A pitch is ultimately a decision-making process. It’s about finding the right agency for your business. It could be your old agency, it could be multiple agencies, or it could be a new agency. But at the heart of every great pitch is a clear set of decision moments when you reduce the contenders and test the shortlist before deciding on a winner/winners.
Get this process right and you can look back with pride that you ran an objective pitch, balanced the needs of stakeholders and came up with the best possible solution for your business.
A good pitch process should make the decision hard but the right framework will also help make it objective. Getting to that point means doing three things well before the pitch starts:
First, you need to establish the framework of evaluation up front. This is the gold dust magic of an objective pitch.
We’ve run pitches that cover 80 markets around the world with vast stakeholder sets, so determining what matters at the off is vital. It’s also much easier at the start rather than at the end of the process when tempers can be frayed by the work created by the project.
War game potential scenarios. You may have a stakeholder split – take, for example, a big global advertiser currently working with multiple agency groups across multiple regions. Let’s say all regions are broadly happy with their existing agency but see the benefit of a review. In this scenario you need to manage the weighting by region and determine what threshold score will be required to trigger a full consideration, rather than a potential regional realignment.
You would also want to work out what happens if the two most significant stakeholders, often the CMO and CPO, cannot agree. Getting all these things early will enable the decision making at the end better.

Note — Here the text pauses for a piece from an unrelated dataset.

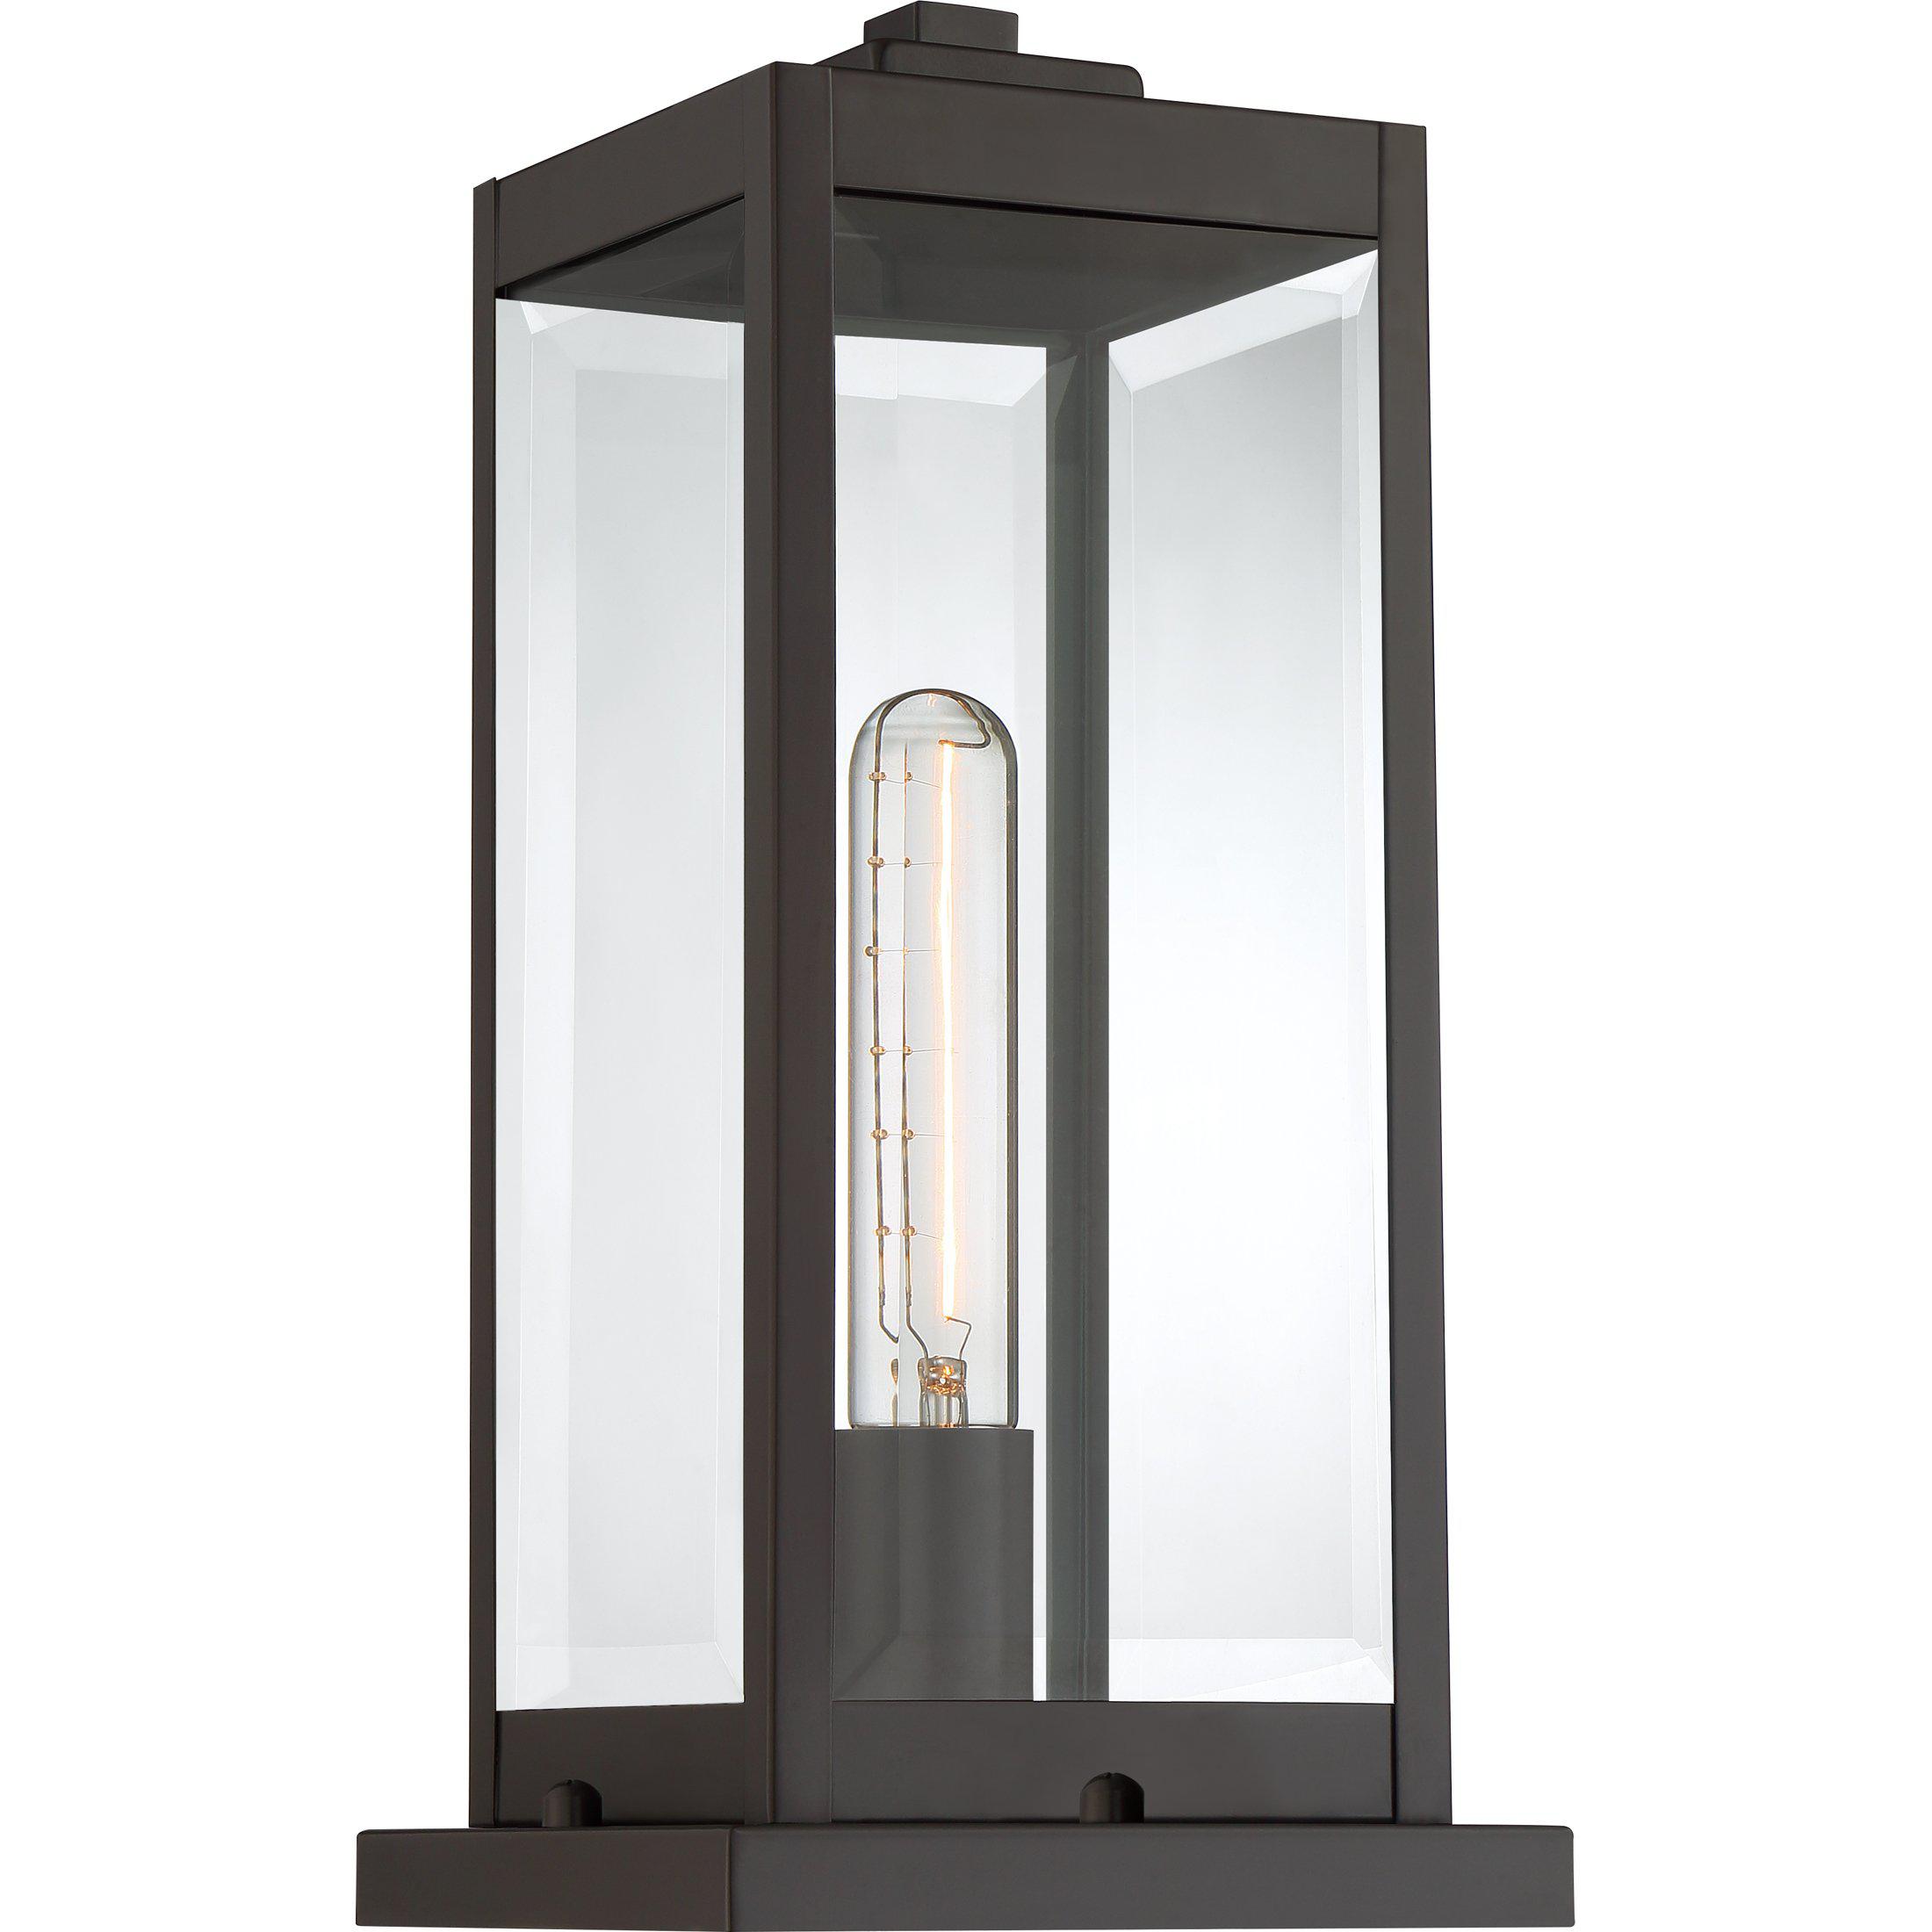 Quoizel  Westover Outdoor Lantern, Pier Outdoor l Wall Quoizel   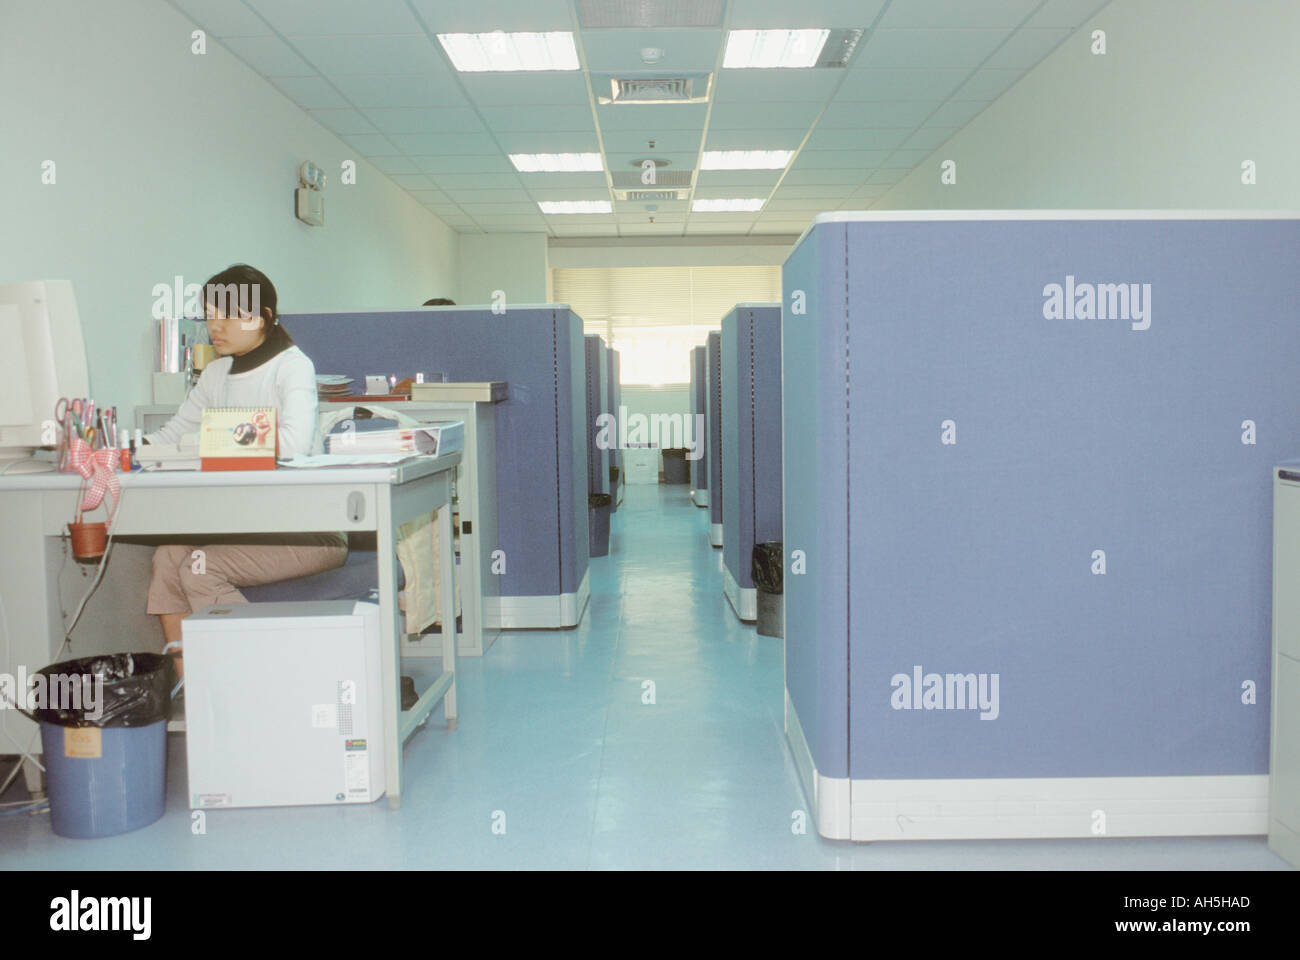 Clerk At Desk Office Cubicles In Hospital Taiwan China Stock Photo

The second key part of the preparation is to make sure that your scoring system is correctly balanced between capabilities, commercial and culture. Getting this right means making sure that agencies understand where they should focus, that it’s not purely all about cost and that you do care about talent and strategy. Every pitch is different, but we’d broadly suggest a 40:40:20 mix across capabilities, commercial and culture. When commercial edges above 50%, then it can be seem as purely a price-led process and that changes the dynamics.
These breakdowns are important because they tell the agency community they can’t buy it but also can’t undervalue the pricing element and that capabilities and talent still matter.
Our final tip about the decision-making tree is that when you break down this framework to cover specific elements, don’t be too granular. When you go down that path, stakeholders can get evaluation fatigue. Make the proportions sizable so they are significant and the stakeholders can appreciate the importance of each key element.
Sharing your evaluation criteria with agencies is also helpful. It gives them transparency and helps them know what they have to do to win. This should mean that they are more likely to tailor their offer to your precise needs and give you a tough choice at the end of the process.
For advertisers, getting these three elements right means an objective pitch and a team that’s happy about the decision they make.